→ Action item:
Track down each line below containing the string "iPhone" and copy it.

→ Recorded data:
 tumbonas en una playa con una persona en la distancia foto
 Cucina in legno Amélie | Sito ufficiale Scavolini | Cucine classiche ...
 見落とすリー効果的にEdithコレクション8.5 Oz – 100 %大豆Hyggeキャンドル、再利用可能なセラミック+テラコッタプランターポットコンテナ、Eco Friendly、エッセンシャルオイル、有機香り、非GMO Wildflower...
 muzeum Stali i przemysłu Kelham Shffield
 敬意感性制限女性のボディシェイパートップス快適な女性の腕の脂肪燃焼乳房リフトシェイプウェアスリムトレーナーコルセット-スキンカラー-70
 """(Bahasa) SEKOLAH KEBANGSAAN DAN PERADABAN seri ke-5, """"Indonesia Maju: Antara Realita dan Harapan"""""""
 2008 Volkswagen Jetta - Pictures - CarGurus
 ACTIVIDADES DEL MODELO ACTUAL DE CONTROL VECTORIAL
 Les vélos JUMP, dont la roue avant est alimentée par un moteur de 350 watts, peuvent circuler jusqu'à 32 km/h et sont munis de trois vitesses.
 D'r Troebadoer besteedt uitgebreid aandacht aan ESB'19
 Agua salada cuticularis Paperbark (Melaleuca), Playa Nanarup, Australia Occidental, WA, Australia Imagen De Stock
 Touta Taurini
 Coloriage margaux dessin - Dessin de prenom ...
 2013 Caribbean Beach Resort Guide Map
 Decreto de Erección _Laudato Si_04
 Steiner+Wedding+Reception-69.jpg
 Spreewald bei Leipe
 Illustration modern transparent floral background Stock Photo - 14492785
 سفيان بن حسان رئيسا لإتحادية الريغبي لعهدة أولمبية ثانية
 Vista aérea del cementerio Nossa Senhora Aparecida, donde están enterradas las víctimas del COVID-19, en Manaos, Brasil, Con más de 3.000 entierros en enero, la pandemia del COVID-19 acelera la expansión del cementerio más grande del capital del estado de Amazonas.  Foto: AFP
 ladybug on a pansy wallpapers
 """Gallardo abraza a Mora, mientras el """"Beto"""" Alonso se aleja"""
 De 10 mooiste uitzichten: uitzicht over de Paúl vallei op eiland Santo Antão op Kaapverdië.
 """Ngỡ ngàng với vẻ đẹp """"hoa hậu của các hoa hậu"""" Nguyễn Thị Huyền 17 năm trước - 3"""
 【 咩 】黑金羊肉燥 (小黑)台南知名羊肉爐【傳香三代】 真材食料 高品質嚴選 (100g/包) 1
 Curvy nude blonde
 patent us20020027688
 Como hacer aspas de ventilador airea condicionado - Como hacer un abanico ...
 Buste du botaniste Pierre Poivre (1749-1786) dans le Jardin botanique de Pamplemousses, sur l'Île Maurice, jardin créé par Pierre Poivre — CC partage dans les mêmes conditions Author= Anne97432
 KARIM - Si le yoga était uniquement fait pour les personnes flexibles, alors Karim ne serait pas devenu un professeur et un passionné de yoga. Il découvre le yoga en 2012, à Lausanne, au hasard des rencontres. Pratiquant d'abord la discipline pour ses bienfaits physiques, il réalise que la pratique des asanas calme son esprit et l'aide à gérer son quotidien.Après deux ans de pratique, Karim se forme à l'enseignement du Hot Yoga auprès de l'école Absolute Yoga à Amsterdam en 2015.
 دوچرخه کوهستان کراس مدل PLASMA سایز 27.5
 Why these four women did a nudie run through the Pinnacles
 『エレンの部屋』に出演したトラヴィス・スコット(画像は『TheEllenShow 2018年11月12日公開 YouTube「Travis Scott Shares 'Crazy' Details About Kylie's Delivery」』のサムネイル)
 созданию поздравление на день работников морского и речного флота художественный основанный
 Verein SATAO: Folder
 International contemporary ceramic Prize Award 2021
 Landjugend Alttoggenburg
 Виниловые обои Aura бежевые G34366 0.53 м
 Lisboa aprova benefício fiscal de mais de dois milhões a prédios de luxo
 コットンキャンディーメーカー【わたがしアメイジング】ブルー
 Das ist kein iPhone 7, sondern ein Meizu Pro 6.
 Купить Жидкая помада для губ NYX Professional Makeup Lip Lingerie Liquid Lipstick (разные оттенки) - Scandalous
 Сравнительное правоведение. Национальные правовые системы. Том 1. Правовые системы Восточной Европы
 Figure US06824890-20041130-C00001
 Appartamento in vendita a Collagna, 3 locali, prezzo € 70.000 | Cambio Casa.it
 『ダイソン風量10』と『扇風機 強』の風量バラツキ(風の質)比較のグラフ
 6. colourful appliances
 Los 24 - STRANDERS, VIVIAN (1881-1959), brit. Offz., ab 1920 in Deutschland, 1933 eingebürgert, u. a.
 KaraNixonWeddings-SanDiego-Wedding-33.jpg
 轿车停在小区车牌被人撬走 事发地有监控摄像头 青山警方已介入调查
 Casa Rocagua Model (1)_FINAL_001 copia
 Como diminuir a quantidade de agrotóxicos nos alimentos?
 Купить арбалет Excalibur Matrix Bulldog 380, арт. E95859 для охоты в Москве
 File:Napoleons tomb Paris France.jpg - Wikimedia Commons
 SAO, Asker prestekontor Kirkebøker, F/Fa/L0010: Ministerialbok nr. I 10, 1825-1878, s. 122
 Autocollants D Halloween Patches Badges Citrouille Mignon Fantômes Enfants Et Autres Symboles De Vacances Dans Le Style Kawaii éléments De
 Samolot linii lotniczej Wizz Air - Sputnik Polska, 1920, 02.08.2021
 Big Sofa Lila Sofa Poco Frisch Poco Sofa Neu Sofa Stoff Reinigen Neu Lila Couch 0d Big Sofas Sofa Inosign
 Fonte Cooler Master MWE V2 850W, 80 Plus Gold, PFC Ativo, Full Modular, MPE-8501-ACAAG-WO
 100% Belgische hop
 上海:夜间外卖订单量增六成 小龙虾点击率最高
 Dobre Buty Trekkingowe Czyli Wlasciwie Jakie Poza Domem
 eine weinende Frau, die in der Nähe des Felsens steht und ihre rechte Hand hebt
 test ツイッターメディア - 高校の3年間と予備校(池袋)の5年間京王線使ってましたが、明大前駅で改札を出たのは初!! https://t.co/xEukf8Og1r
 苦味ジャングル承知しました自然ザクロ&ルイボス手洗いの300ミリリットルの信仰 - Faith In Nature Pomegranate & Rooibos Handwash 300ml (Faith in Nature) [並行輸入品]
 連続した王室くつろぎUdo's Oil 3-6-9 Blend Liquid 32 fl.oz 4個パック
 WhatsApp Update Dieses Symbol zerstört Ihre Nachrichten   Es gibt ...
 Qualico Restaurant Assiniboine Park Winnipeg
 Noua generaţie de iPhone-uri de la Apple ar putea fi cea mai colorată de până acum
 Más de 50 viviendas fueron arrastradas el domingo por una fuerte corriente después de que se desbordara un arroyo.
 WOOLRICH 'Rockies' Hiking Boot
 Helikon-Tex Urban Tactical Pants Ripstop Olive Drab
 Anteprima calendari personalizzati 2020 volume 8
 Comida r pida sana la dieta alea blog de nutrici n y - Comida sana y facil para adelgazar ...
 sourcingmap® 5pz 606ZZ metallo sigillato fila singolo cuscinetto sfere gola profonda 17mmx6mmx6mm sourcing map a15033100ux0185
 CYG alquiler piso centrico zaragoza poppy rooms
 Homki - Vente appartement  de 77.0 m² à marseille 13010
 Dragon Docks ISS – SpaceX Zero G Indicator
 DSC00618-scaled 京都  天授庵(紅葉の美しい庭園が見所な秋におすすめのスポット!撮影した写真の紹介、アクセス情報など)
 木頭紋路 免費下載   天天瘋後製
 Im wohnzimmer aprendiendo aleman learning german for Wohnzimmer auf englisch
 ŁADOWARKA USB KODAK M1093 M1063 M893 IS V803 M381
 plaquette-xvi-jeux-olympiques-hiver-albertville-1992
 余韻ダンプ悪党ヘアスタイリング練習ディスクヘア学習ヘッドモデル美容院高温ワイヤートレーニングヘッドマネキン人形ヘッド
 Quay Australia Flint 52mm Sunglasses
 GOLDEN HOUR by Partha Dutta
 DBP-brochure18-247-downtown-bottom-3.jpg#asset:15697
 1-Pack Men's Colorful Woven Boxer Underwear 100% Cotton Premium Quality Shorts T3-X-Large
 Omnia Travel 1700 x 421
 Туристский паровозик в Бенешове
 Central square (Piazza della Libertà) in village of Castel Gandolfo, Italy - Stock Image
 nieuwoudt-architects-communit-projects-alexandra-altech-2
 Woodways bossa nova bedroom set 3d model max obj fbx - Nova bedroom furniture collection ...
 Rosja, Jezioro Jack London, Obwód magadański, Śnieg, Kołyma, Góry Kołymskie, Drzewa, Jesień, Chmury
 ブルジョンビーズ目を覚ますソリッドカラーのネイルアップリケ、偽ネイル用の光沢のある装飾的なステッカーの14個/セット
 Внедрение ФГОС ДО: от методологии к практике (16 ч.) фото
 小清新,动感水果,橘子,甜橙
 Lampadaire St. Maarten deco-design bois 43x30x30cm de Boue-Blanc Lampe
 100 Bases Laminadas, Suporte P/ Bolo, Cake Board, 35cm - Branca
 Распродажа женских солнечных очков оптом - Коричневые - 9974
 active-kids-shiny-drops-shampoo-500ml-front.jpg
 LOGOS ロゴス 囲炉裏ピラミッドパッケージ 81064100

→ Response box:
 Das ist kein iPhone 7, sondern ein Meizu Pro 6.
 Noua generaţie de iPhone-uri de la Apple ar putea fi cea mai colorată de până acum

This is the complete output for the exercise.